#### PROVIDED MATERIAL ####
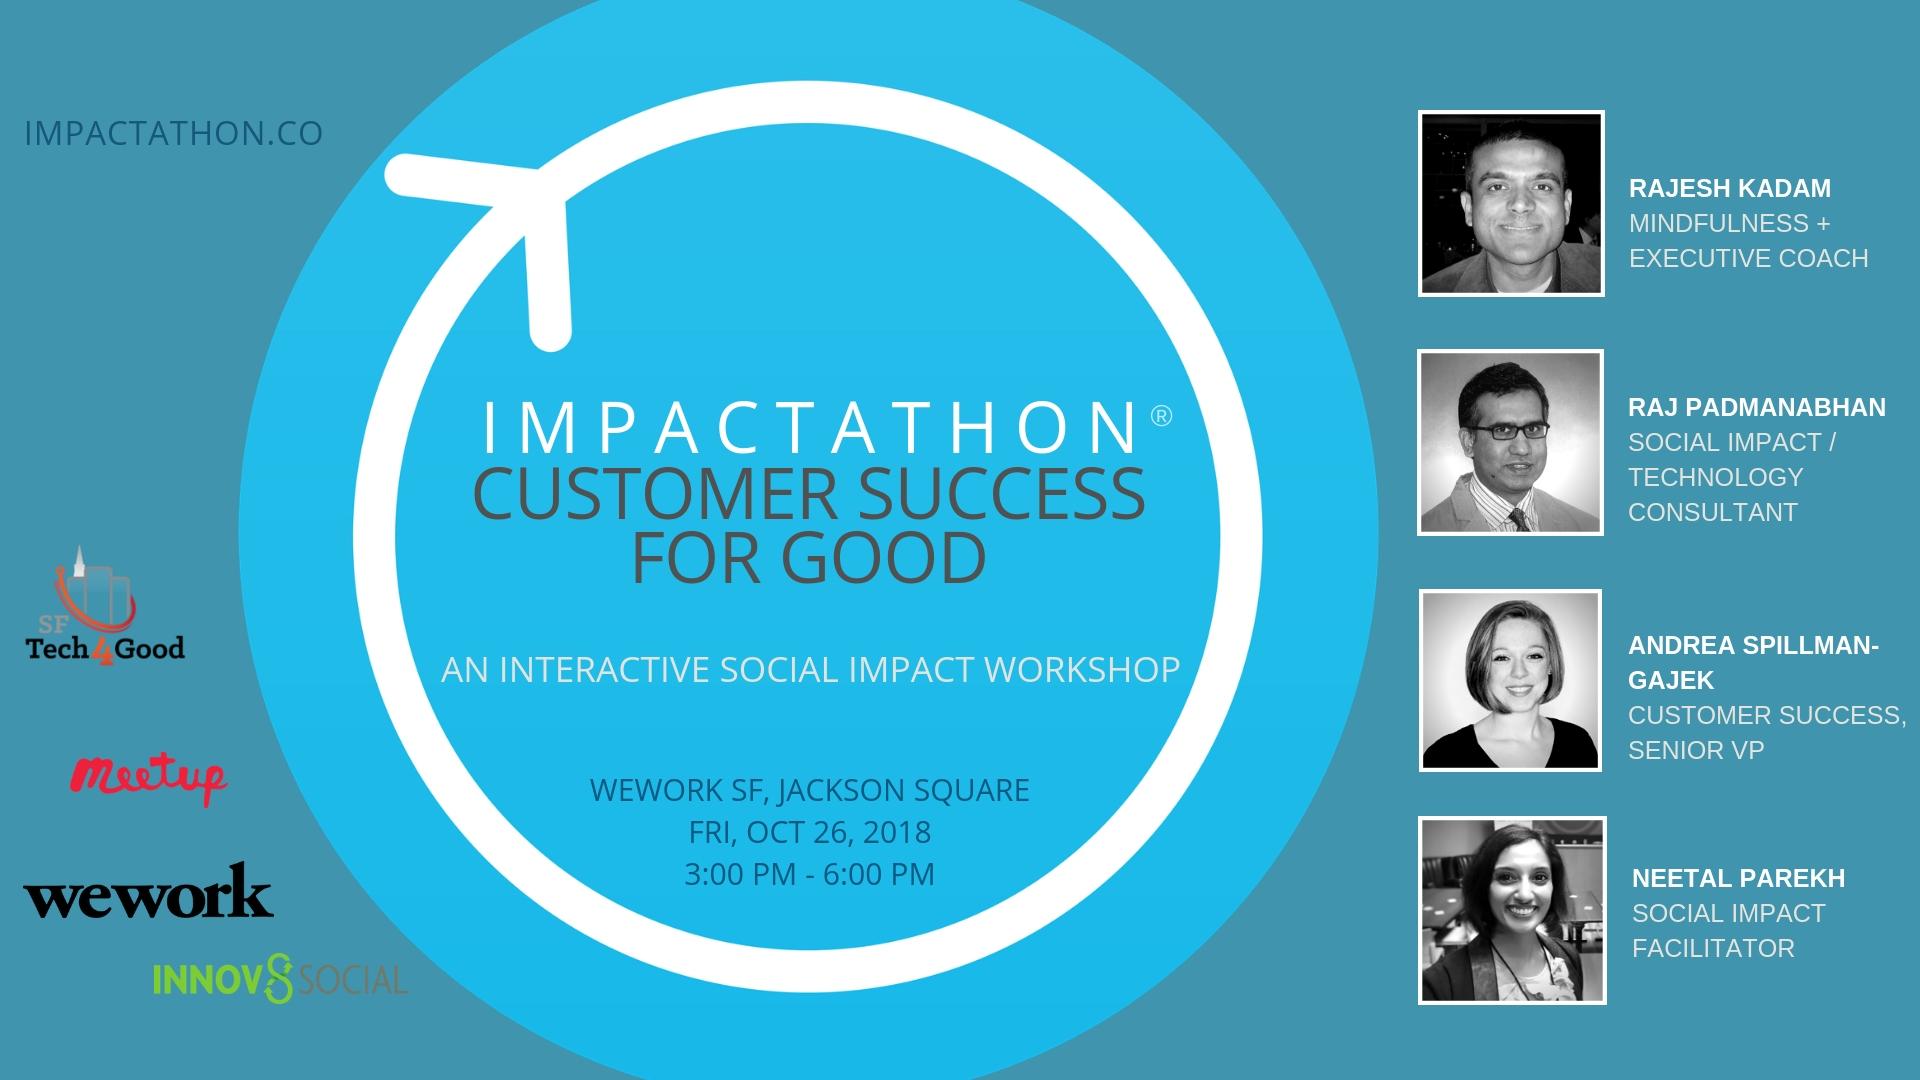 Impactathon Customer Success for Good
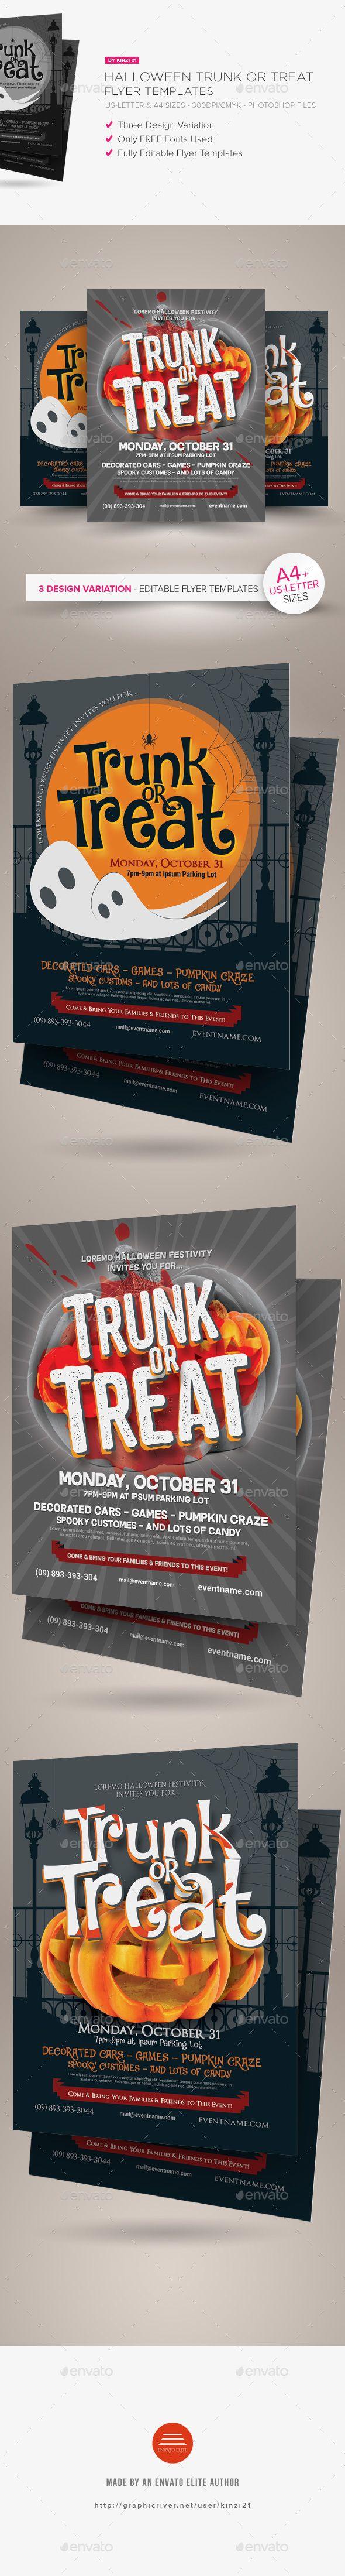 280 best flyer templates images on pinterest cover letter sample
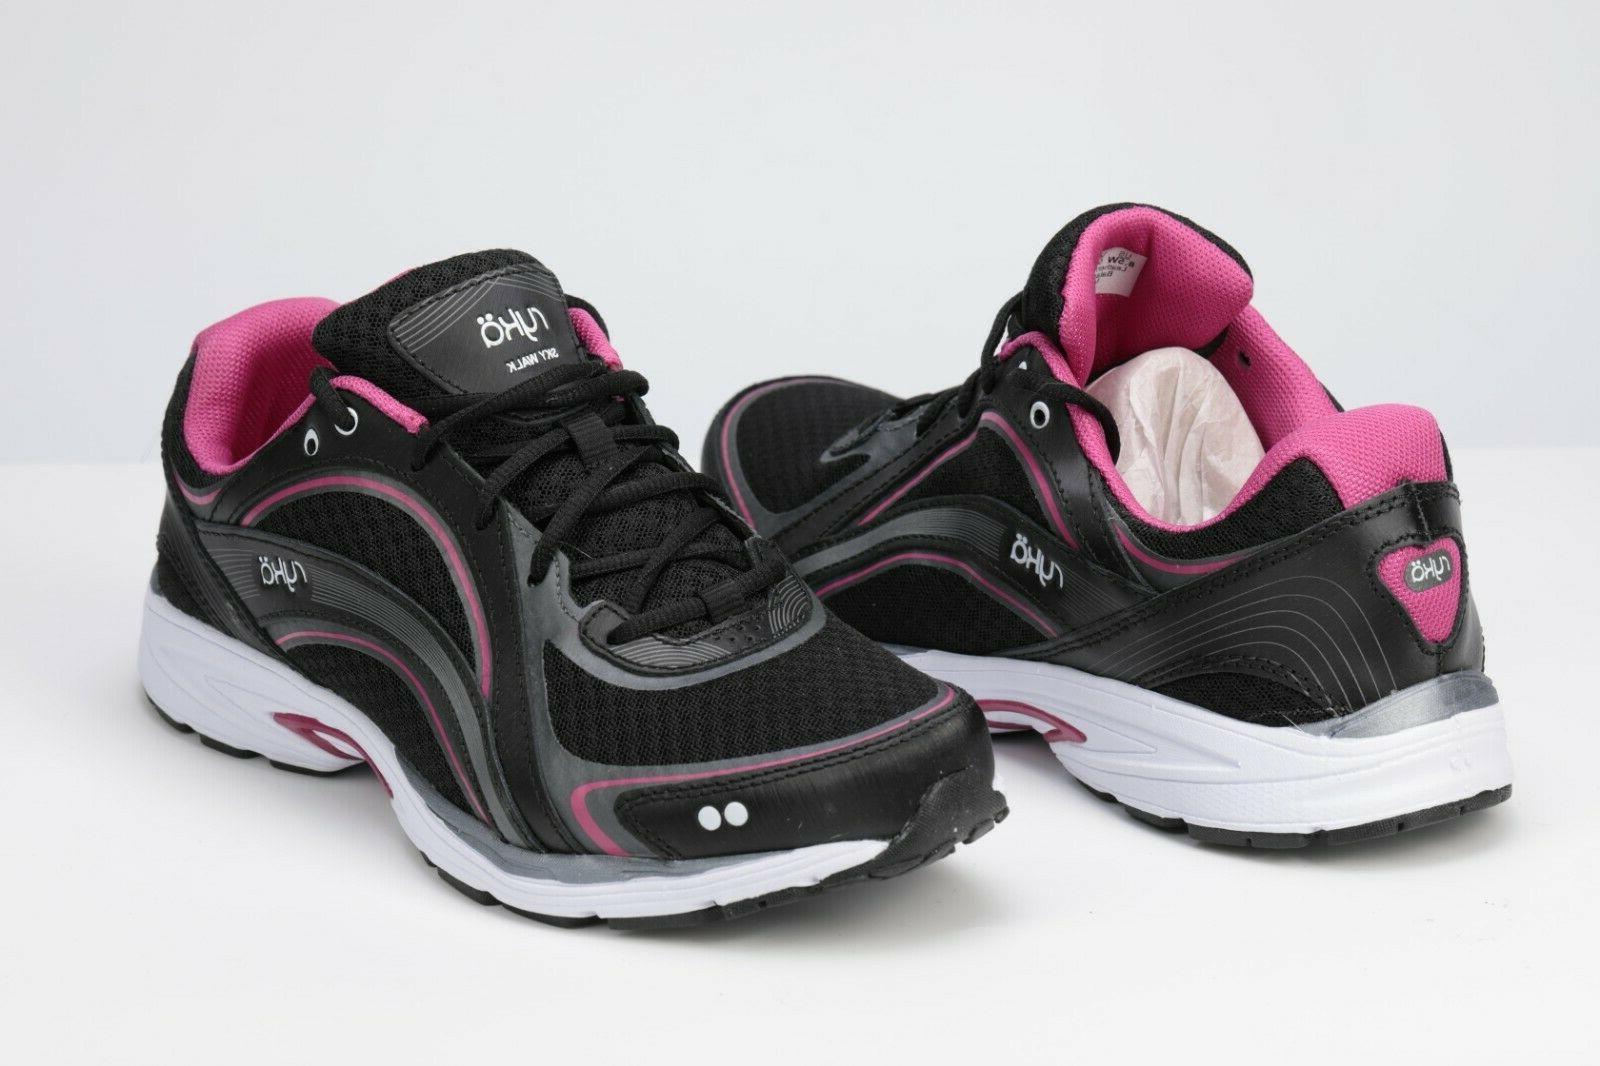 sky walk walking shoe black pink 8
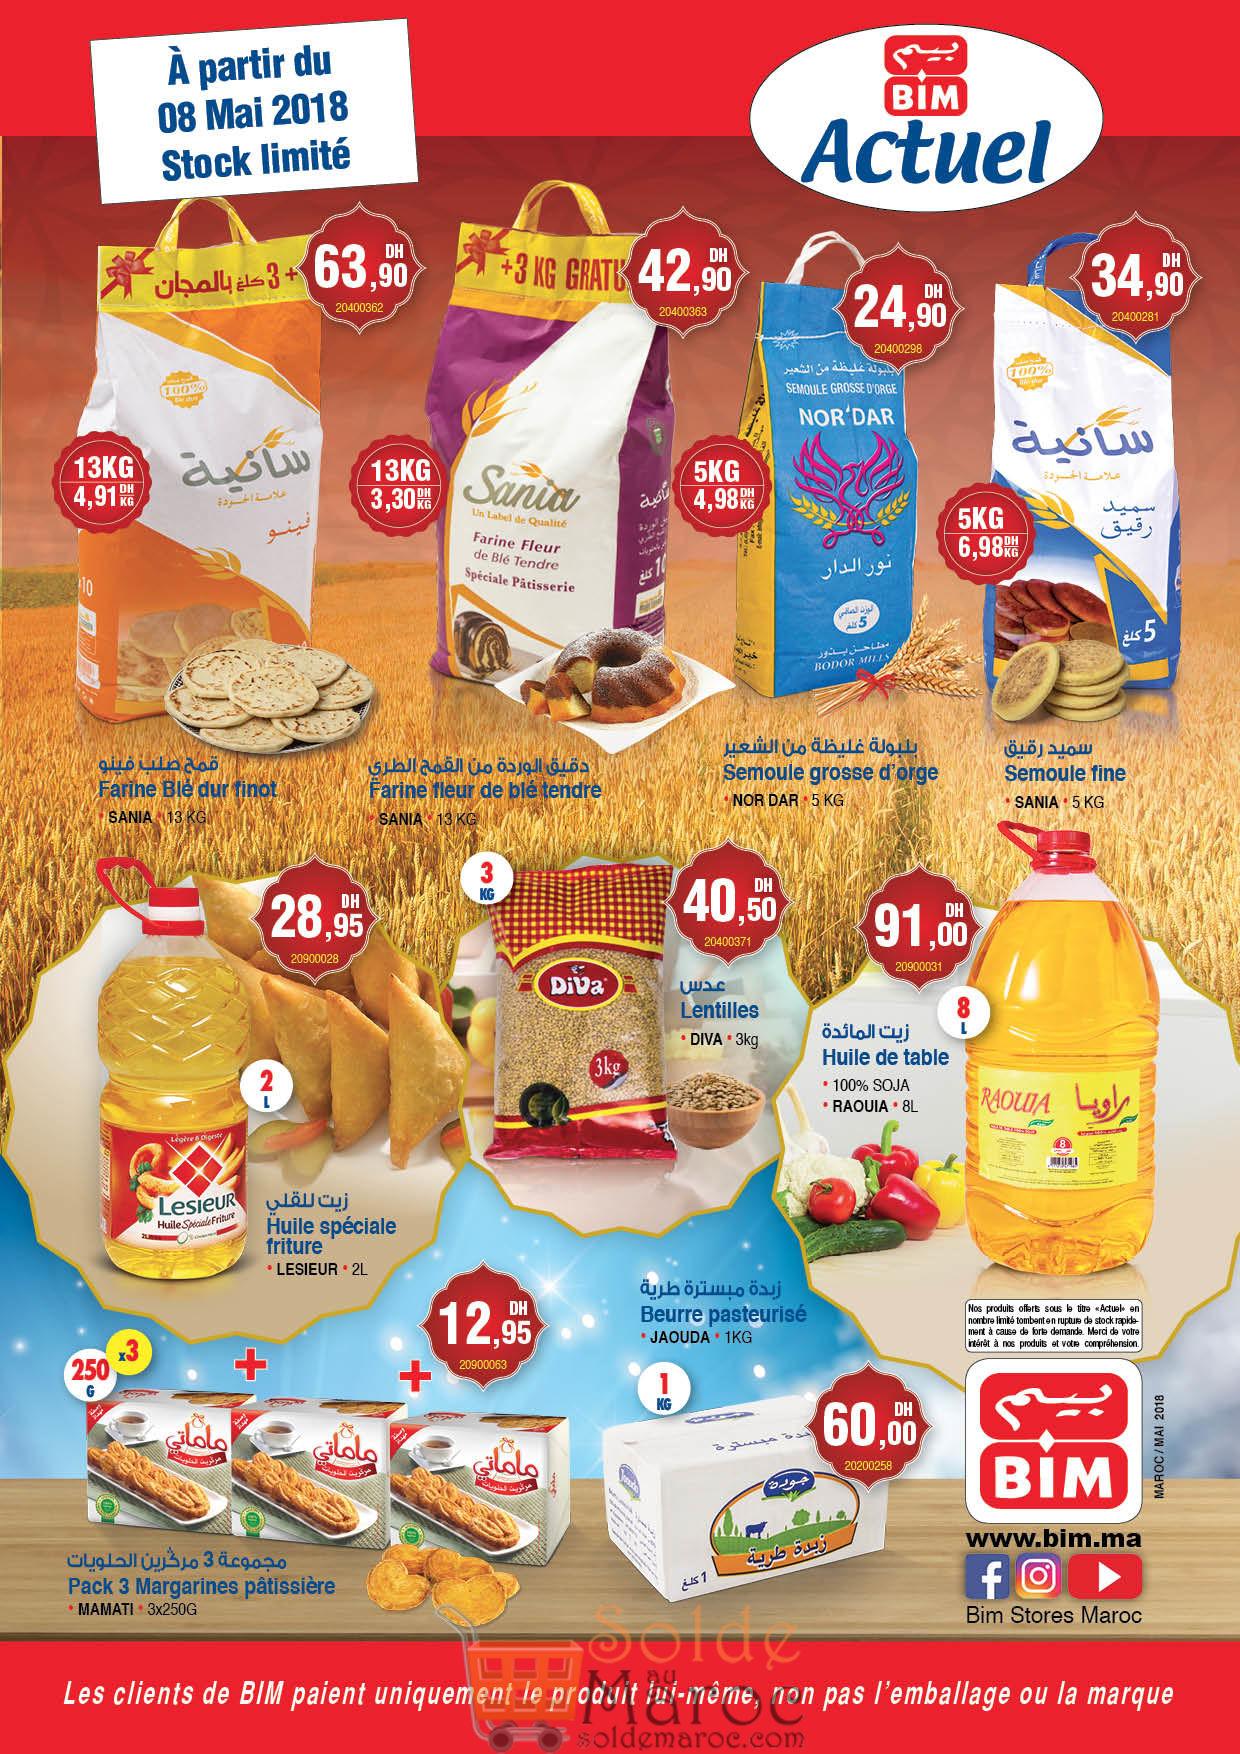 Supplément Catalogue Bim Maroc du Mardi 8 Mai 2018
####
▸ WORK TO COMPLETE:
The full material above must be output verbatim, minus any pictures.

▸ EXERCISE ANSWER:
 Impactathon Customer Success for Good
 280 best flyer templates images on pinterest cover letter sample
 sky walk walking shoe black pink 8
 Supplément Catalogue Bim Maroc du Mardi 8 Mai 2018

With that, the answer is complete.